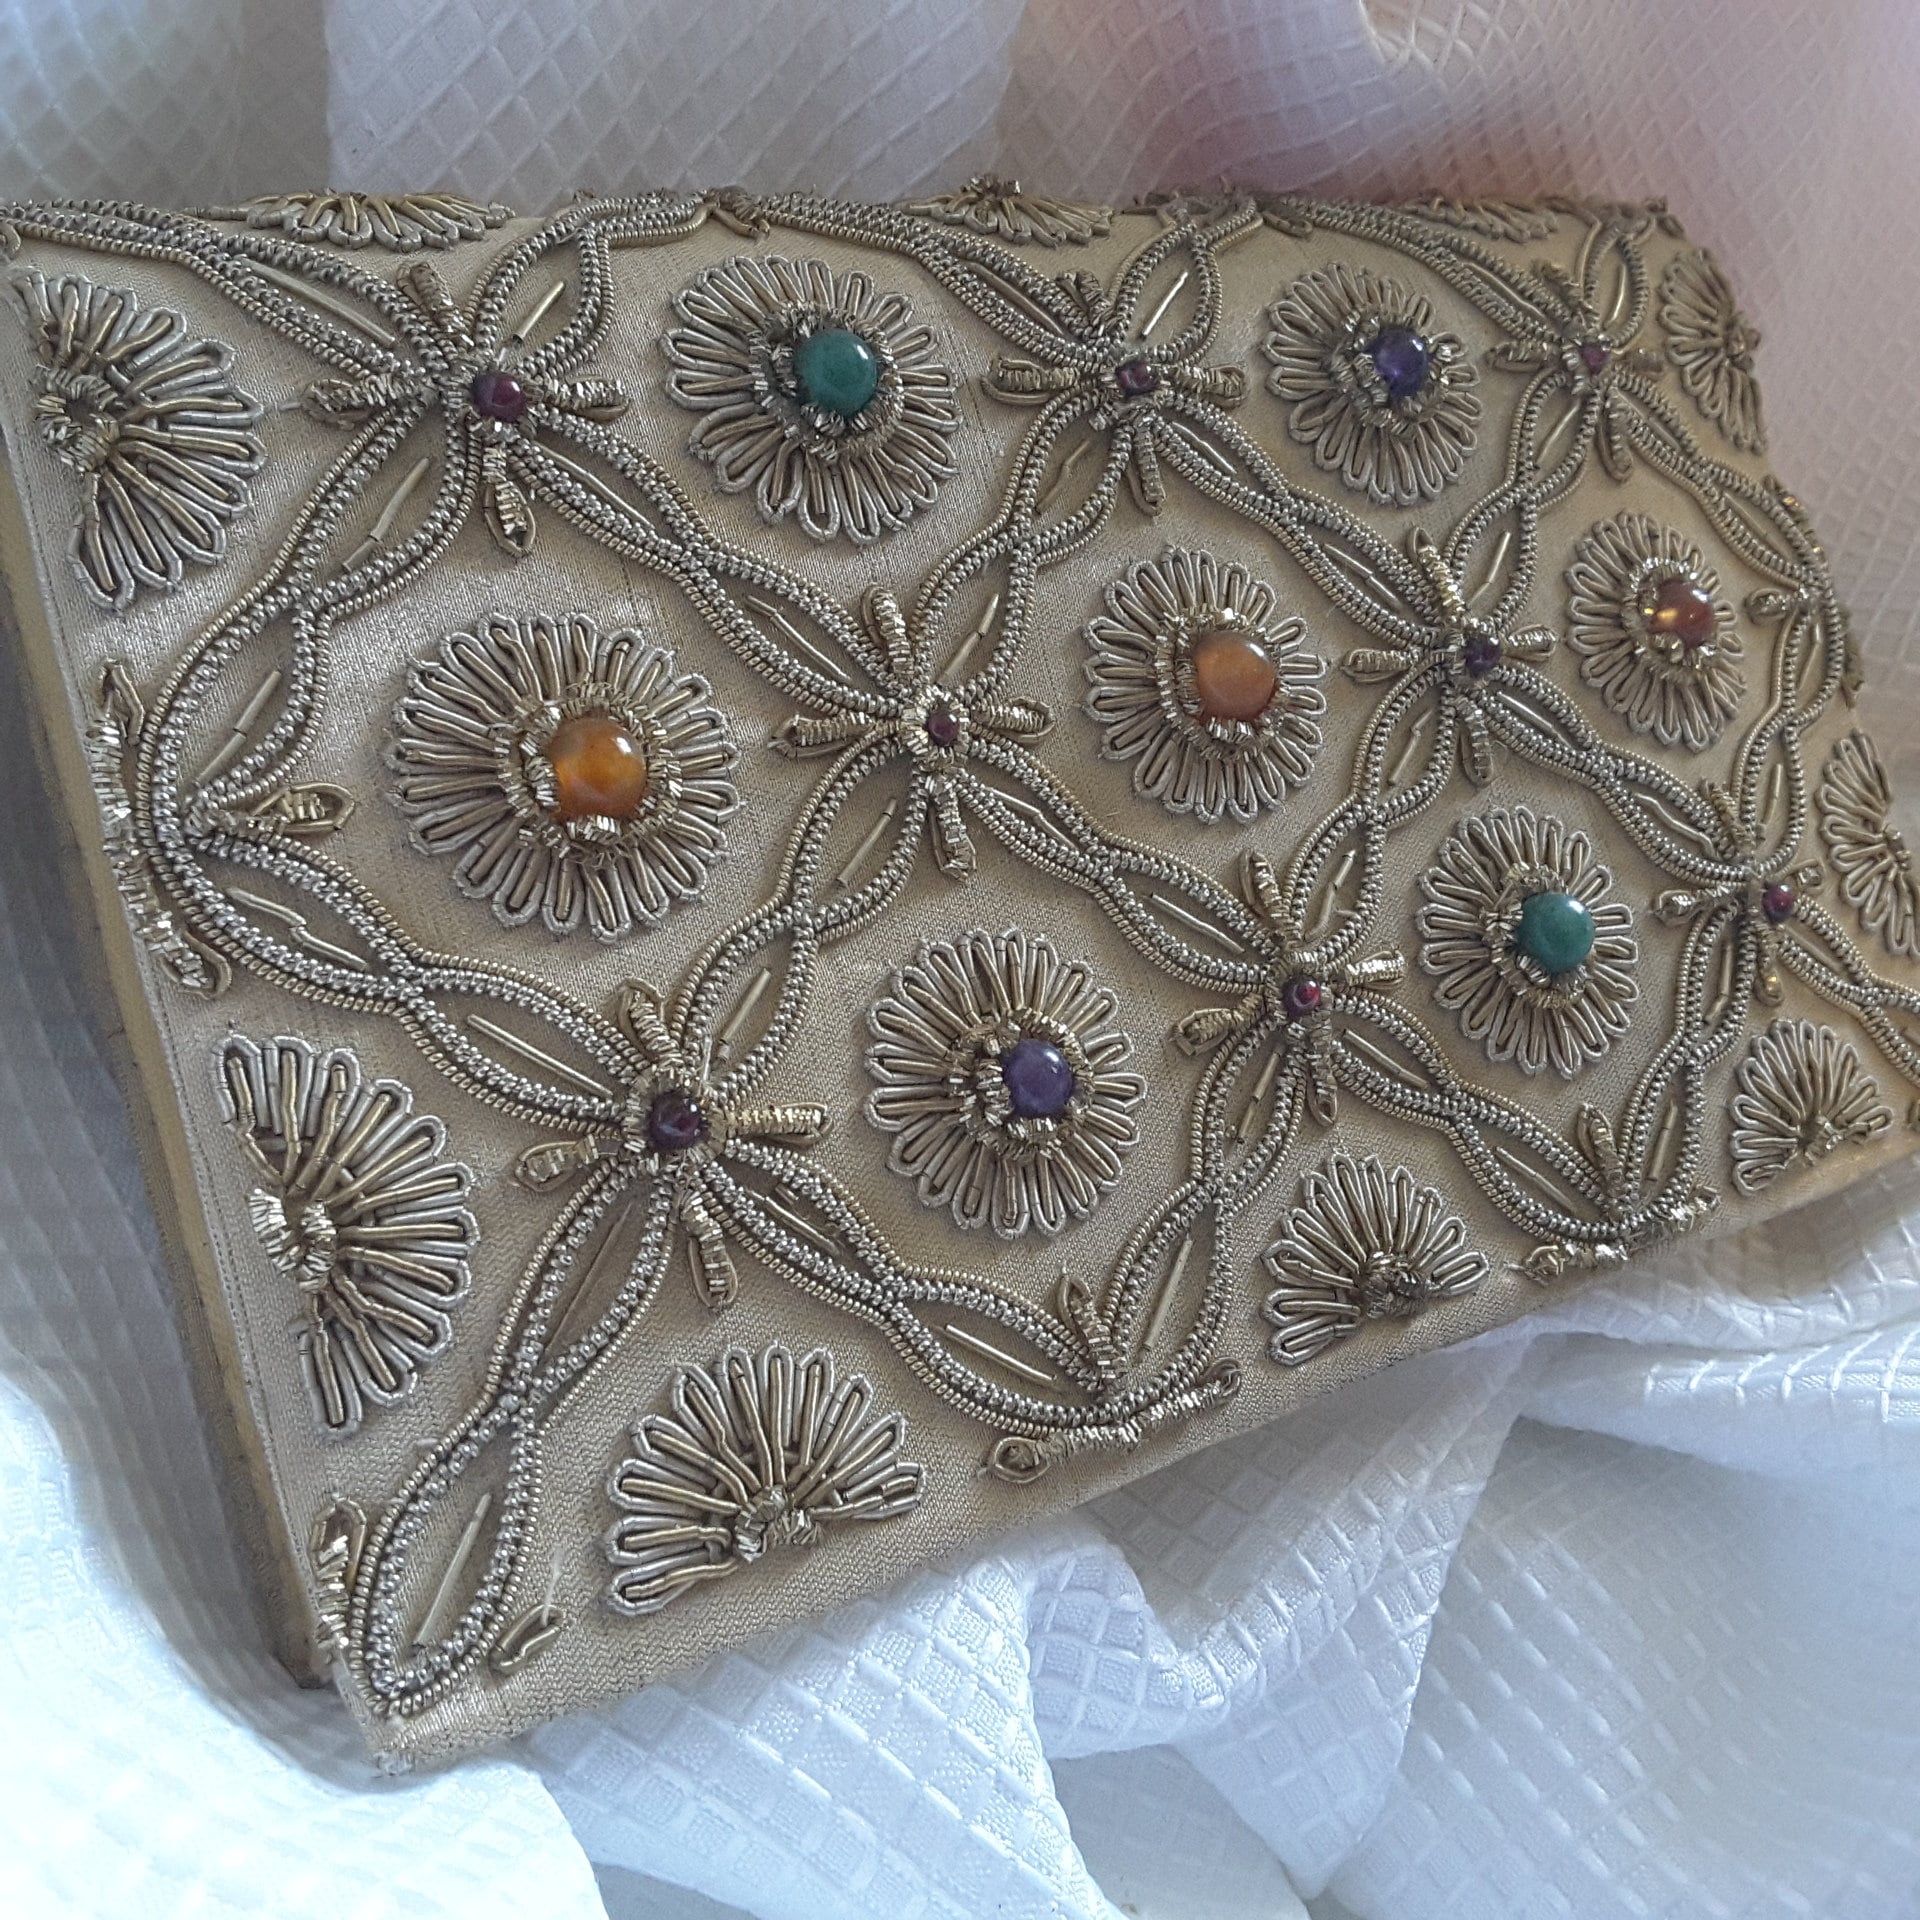 Vintage MM Kane Beaded Sequin Evening Purse Bag Clutch Pearls Made
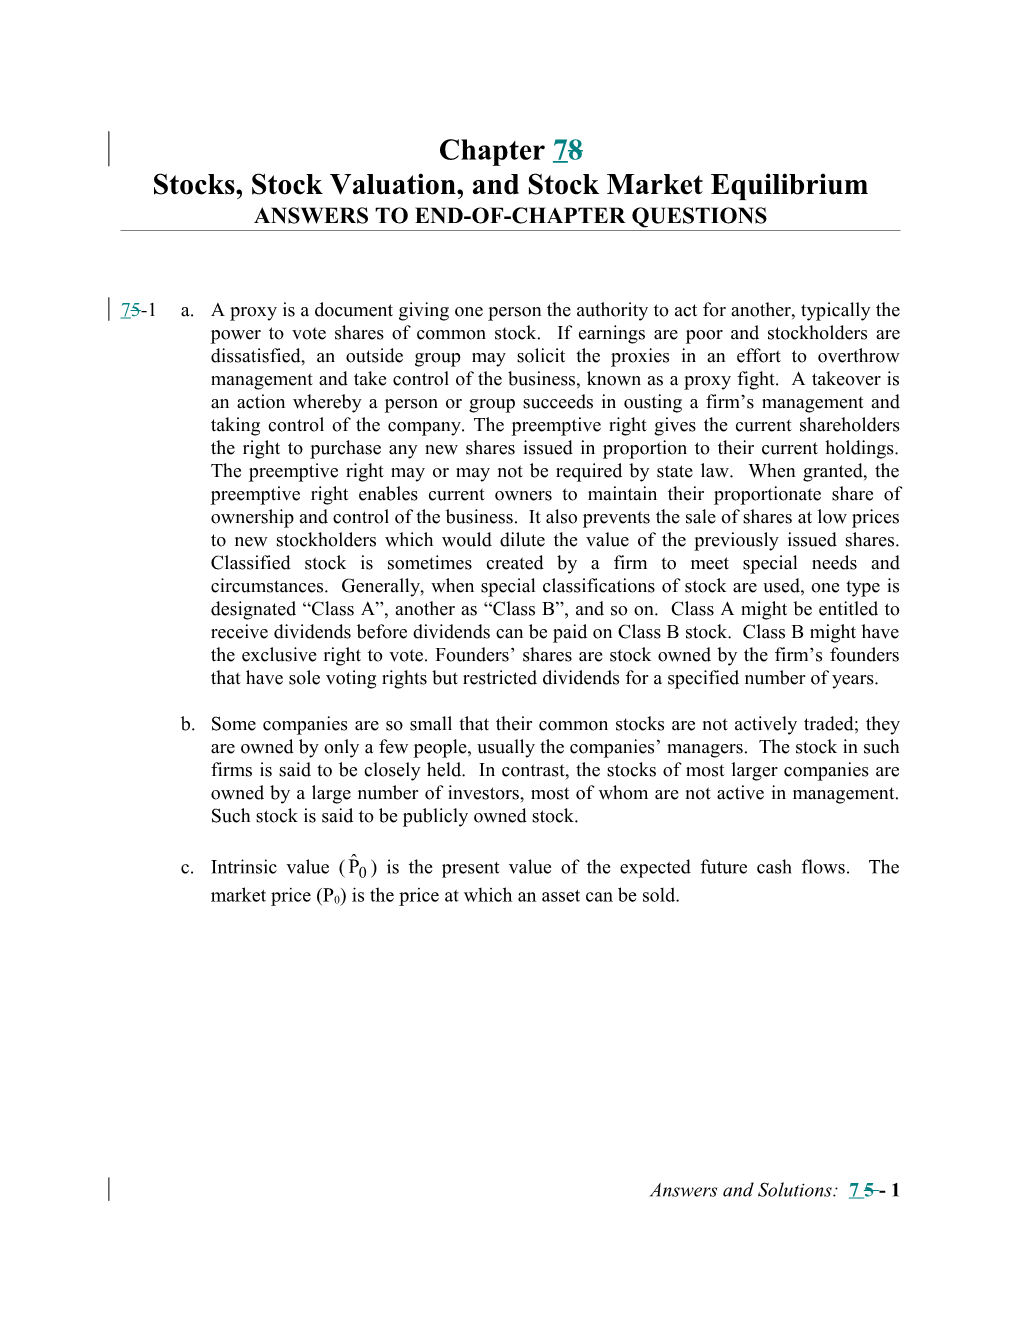 Stocks, Stock Valuation, and Stock Market Equilibrium
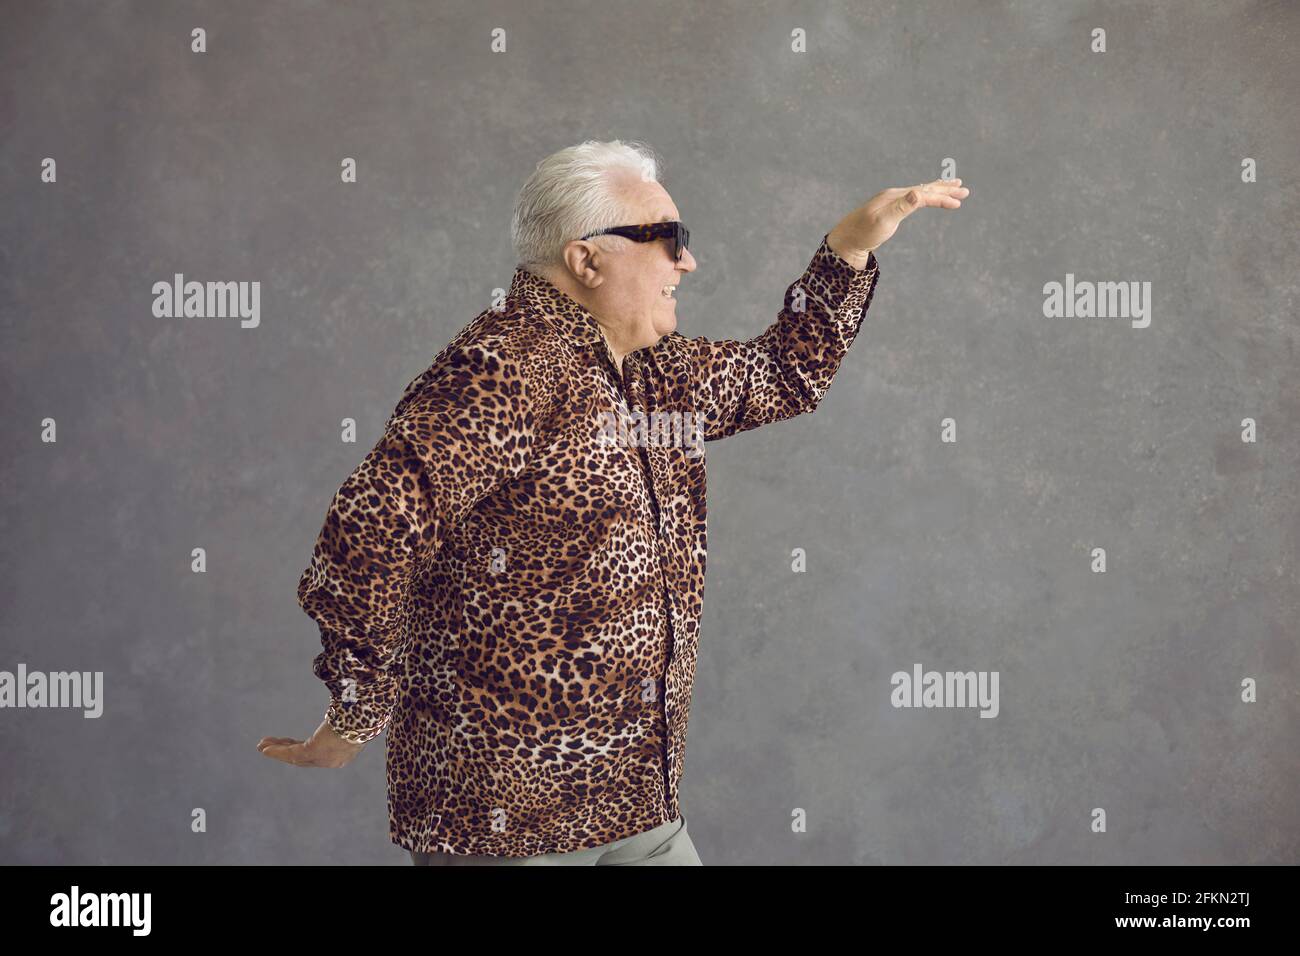 Side view of funny senior man in leopard shirt dancing in studio with gray background Stock Photo

EXERCISE REQUIREMENTS
Reproduce all lines above exactly. Leave the images out.

EXERCISE RESPONSE
 Vintage MM Kane Beaded Sequin Evening Purse Bag Clutch Pearls Made
 Stocks, Stock Valuation, and Stock Market Equilibrium
 Side view of funny senior man in leopard shirt dancing in studio with gray background Stock Photo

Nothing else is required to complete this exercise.